Viewing added county document in DynamoDB

Lambda Functions to Access Country Data

Now that we have the World Factbook data in a DynamoDB table,  we can write Lambda functions to query it. 

country

The first function we want to write is named country, and its purpose is simply to return an entire country document given a country name. We're writing in Node.js and developing right in the AWS console. Our function is triggered via API Gateway, so that it can instantiated with an HTTP request. We bump the memory to 512MB (the default size is too small for working with DynamoDB).

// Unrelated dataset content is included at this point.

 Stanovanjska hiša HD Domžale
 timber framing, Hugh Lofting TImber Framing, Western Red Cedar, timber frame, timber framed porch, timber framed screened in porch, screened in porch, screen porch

country function in AWS console

Let's review the code below to understand how it works. We declare a DocumentClient (lines 3-5), which is how we'll access DynamoDB. In line 14, we extract the expected country name in a URL query parameter called name; if for example you want the country record for Japan, you'll add ?name=Japan to the end of the URL. To retrieve the country record, we know that our partition is always "Factbook" and our sort key is the country name. To query the data, we issue a docClient.query (lines 33-46). If successful, the data is returned in the response.
exports.handler = function(event, context, callback) {

    const AWS = require('aws-sdk');
    AWS.config.update({region: 'us-east-1'});
    const docClient = new AWS.DynamoDB.DocumentClient({region: 'us-east-1'}); 
    
    var corsHeaders = {
                            "Access-Control-Allow-Origin" : "*",
                            "Access-Control-Allow-Credentials" : true
                    };

    var countryName = null;
    
    if (event && event.queryStringParameters && event.queryStringParameters.name) countryName = event.queryStringParameters.name;
    
    if (!countryName) {
        callback(null, { statusCode: 200, headers: corsHeaders, body: 'Missing parameter: name' });
    }

    var params = {
      TableName: 'factbook',
      ExpressionAttributeNames: {
         '#name': 'name',
         '#source': 'source'
      },
      ExpressionAttributeValues: {
        ':name': countryName,
        ':source': 'Factbook'
      },
      KeyConditionExpression: '#name = :name and #source = :source',
    };
    
    docClient.query(params, function(err, data) {

    if (err) { 
        console.log('03 err:')
        console.log(err.toString());
        callback(err, { statusCode: 500, headers: corsHeaders, body: 'Error: ${err}' });
    } else { 
        if (!data || data.Items.length===0) {
            callback(null, { statusCode: 400, headers: corsHeaders, body: 'Country not found: ' + countryName });
        }
        else {
            callback(null, {
                    headers: corsHeaders,
                    body: JSON.stringify(data.Items[0])
                });
        }
    }
  });
};
country function source code (Node.js)

The parameters that are set up for the query (lines 20-31) deserve some explanation. The KeyConditionExpression is our query. We're merely interested in a source (partition key) of "Factbook" and a name (sort key) equal to our country name parameter. name We would normally specify a KeyConditionExpression value this...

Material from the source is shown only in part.